Şifalı Bitkilerin Toplanması ve Kurutulması
Yanlışlıkla zehirli bir bitki toplamamak için, toplanmadan önce, söz konusu bitkinin kesin olarak tanınması gerekir! Örneğin maydanozgiller ailesine ait bitkilerin arasında zehirli türler de vardır. Bu nedenle, çok dikkatli olmak gerekir.
Bitkiler, hiçbir zaman, yağmurlu, sisli ve nemli havalarda toplanmamalıdır! Toplama için en uygun saat ise, 10-16 arasıdır. Bu saate kadar güneş yükselmiş ve sabah kırağısı ile nemlenmiş olan bitkileri kurutmuş olacaktır. Yalnızca temiz ve lekesiz olan bitkiler toplanmalıdır. Kurutulmak üzere toplanan bitkiler, kesinlikle yıkanmamalıdır! Yoksa hiçbir biçimde kurutulamaz, kararır ve küflenirler. Bitki toplanan yerlerin, çevre kirliliği etkisine girmemiş olması gerekir. Şifalı bitkiler, otoyol kıyılarından kesinlikle toplanmamalıdır. Bu bitkiler, motor egzozlarından çıkan dumanların içindeki kurşunla kirlenmiş olduklarından, zehirli sayılmalıdırlar! Bitki toplanan bahçelerin, tarlaların, çayırların yakınında veya uzağında haşerata karşı ilaçlama yapılmamış olması gerekir, çünkü rüzgar o ilaçları çevreye taşıyabilir.
Bitki yaprakları genç, ama tam gelişmiş olduklarında, çiçekler ise tam olarak açtıklarında, genç ve tazeyken toplanmalıdır. Toprağın üstündeki bitkinin tümü, çiçeklenme aşamasında, meyveler ise tam olarak olgunlaştıklarında toplanır. Kökler, ancak gelişmelerini tamamladıklarında, genellikle ilkbaharda veya sonbaharda sökülmelidir. Ağaç kabukları ise ilkbaharda, genç dallardan soyulmalıdır. Dallar bu mevsimde henüz kurumamış olduğu için, kabuklar daldan kolayca ayrılacaktır.

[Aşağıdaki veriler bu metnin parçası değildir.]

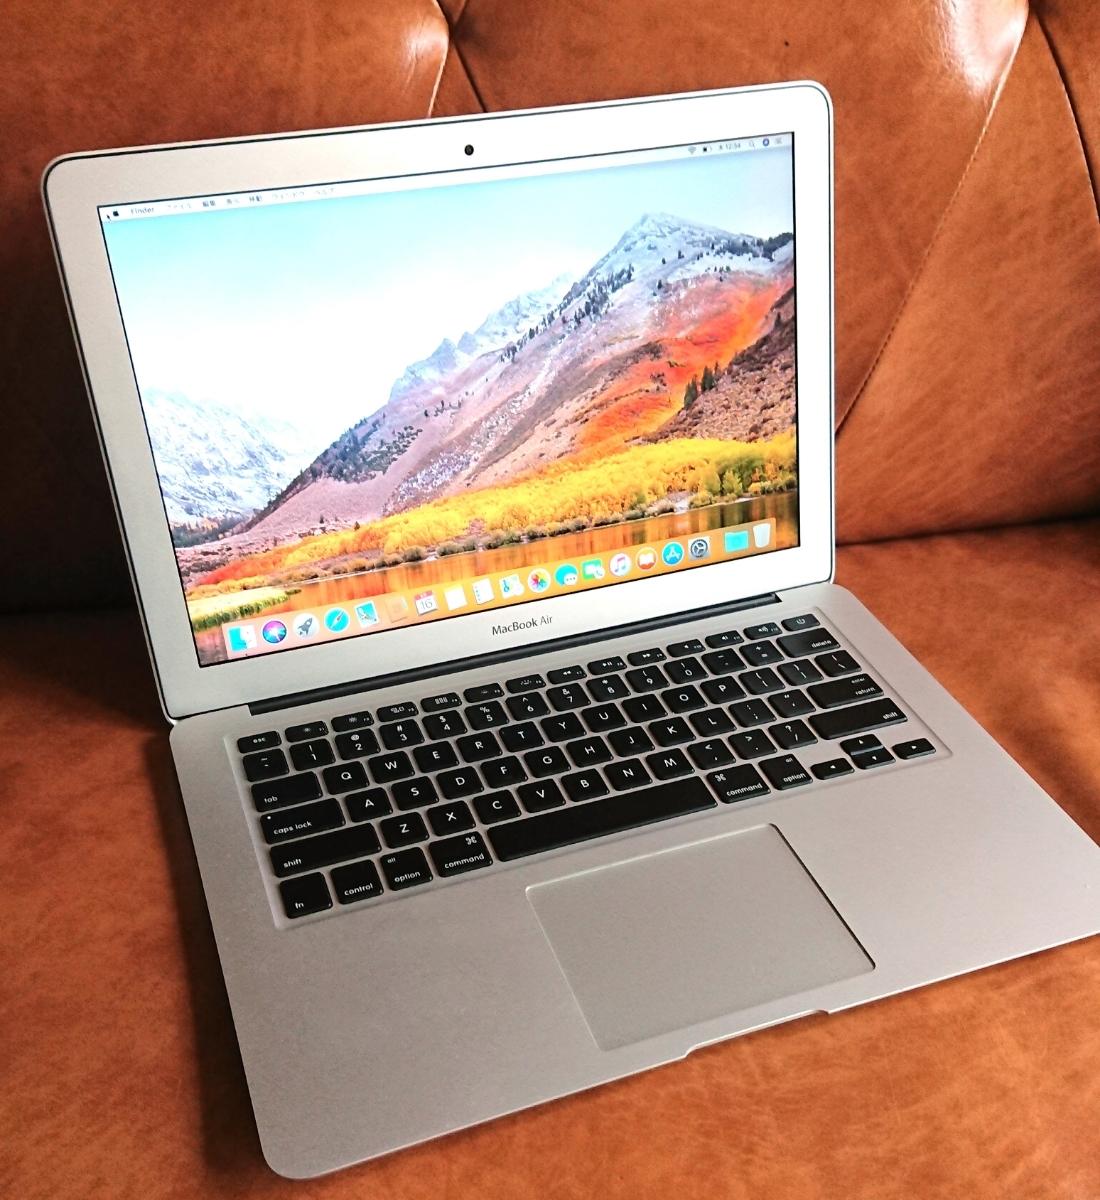 MacBook Air 13インチ【Mid 2012】US(英語)キーボード/i5 1.8GHz/メモリ 8GB/SSD 128GB/新品バッテリー/HD Graphics 4000
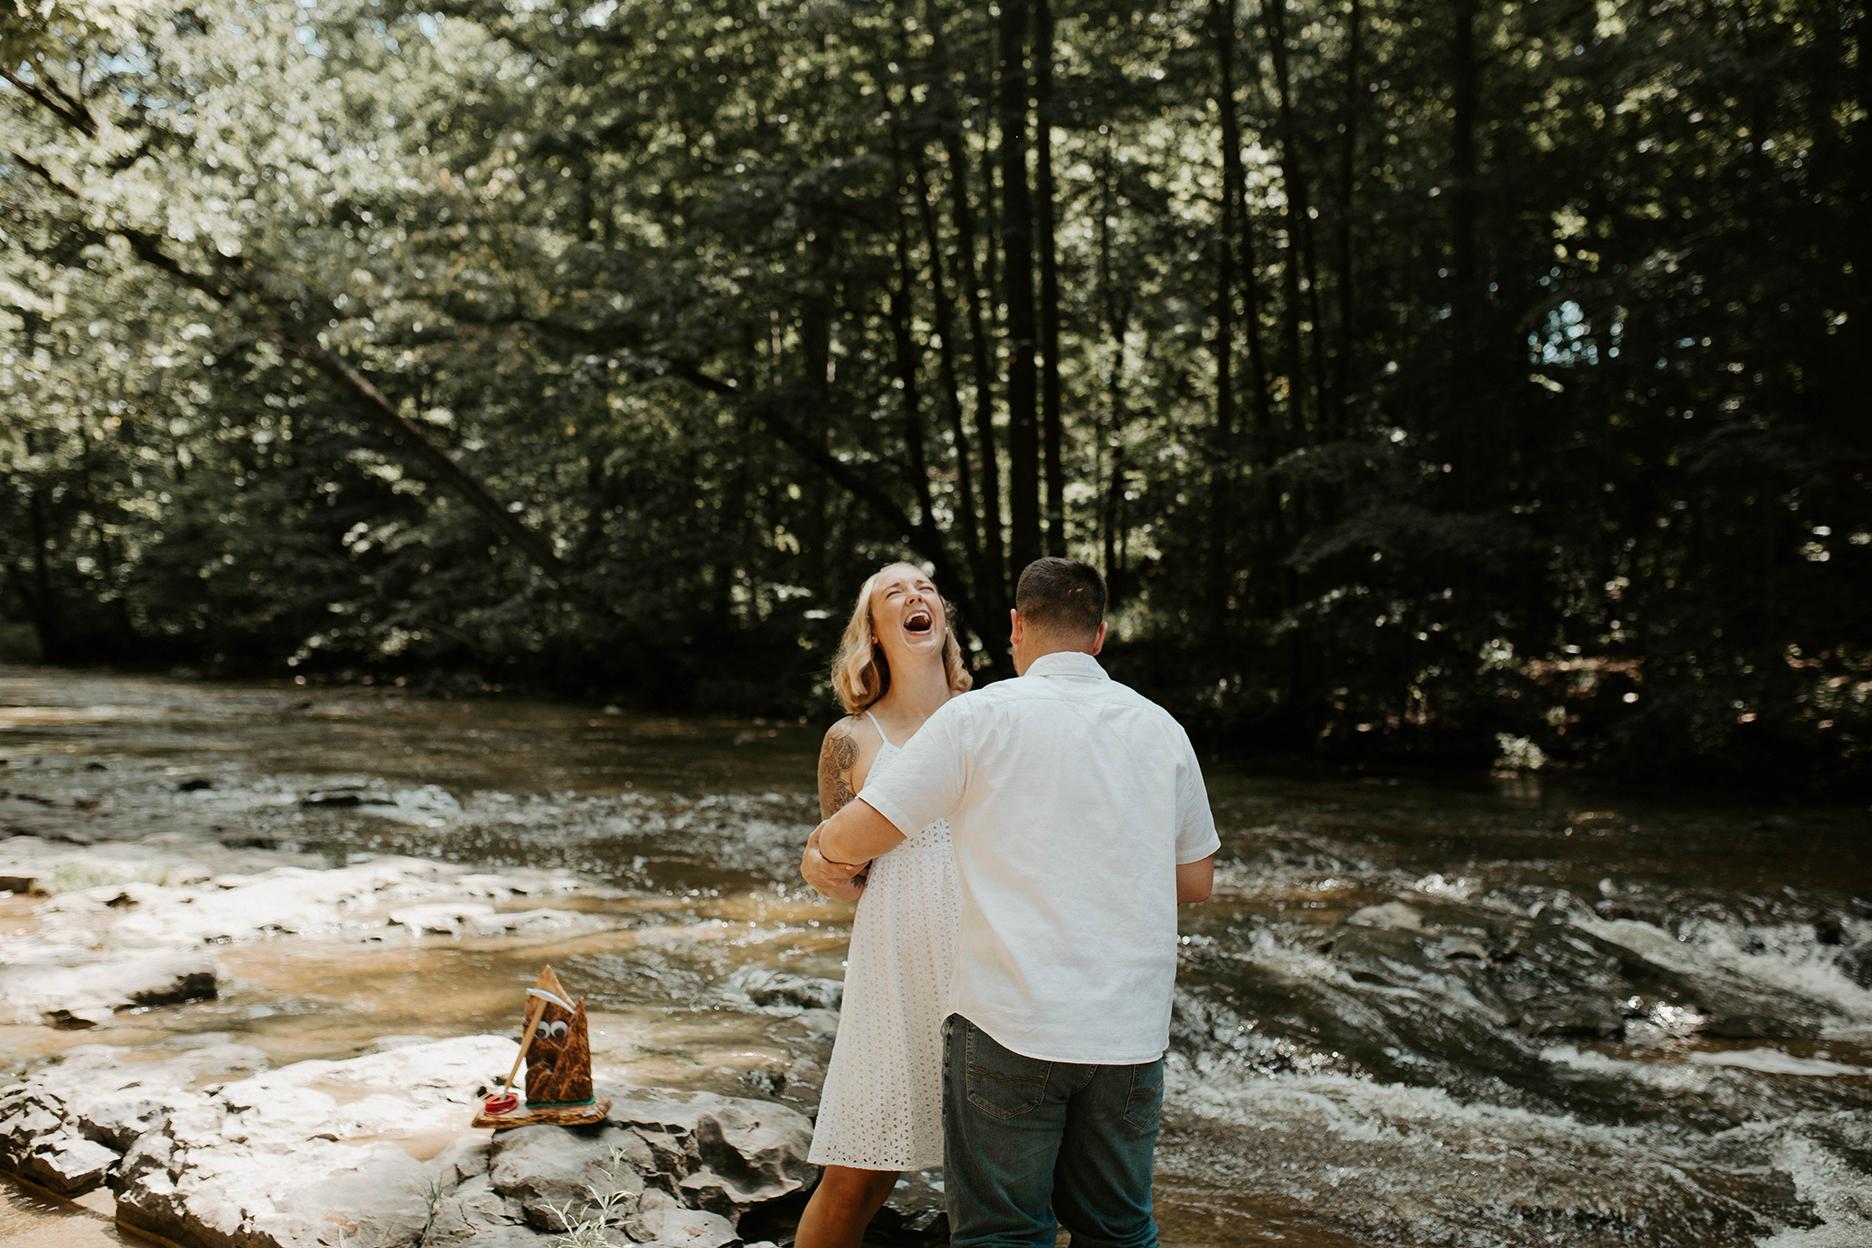 Hannah+AnthonyEngaged-39.jpg

Şifalı bitkilerin kurutulması, içerdikleri etken maddelerin değişime uğramasını ve yok olmasını önler. Ayrıca, mantarların ve bakterilerin yaşam alanları da böylece kurutulmuş olur. Bitkilerin kurutulmasının, konserve etmek anlamında algılanması gerekir ve toplamanın hemen ardından gerçekleştirilmelidir. Kurutma için en uygun ortam, havadar ve gölgeli bir yer olacaktır. Güneş altında kurutulmak istenen bitkiler, çiçek, yaprak ve meyvelerinde bulunan uçucu yağları yitirirler. En ideali, bitkileri büyücek bir elek üstüne yatırılarak veya demet halinde saplarından bağlanıp, yüksek bir yere asılarak kurutulmasıdır. Bitkilerin tam anlamıyla kurumasına çok dikkat edilmelidir. Kuruma aşaması sona erdiğinde, bitkiler elden geldiğinse ince kıyılarak, hava almayan kaplarda, kullanıma hazır biçimde saklanmalıdır.
Bitkiler yapay ısıda da kurutulabilirler, ama ısı derecesine dikkat etmek gerekir. Aromatik kokulu bitkilerin tümü, uçucu yağ içerdikleri için, ancak 35 dereceye kadar dayanabilirler. Öteki bitkilerin ise genelde 60 dereceye kadar dayanabildikleri söylenebilir. Ama, fermentasyon oluşmaması için, hava akımı yaratılması şarttır. Çok ince olmayan kökler, fırçalanarak iyice yıkandıktan sonra, havadar bir ortamda kurutulmalıdır.
Bitki organları tam anlamıyla kuruduktan sonra, nem ve ışıktan korunacakları, hava almayan kaplara doldurulur. Saydam cam kaplar ışığı geçirecekleri için, loş ortamda saklanmalıdır. Bitkilerin saklandığı kapların üstüne, toplama tarihi ve bitki hakkında bilgi veren etiketler yapıştırılmalıdır. Çünkü bitkiler, kuruyup ince kıyıldıktan sonra, birbirlerinden kolayca ayırt edilemezler. Bitkilerin saklanması için, metal veya tahta kutular, renkli cam kavanozlar kullanılabilir.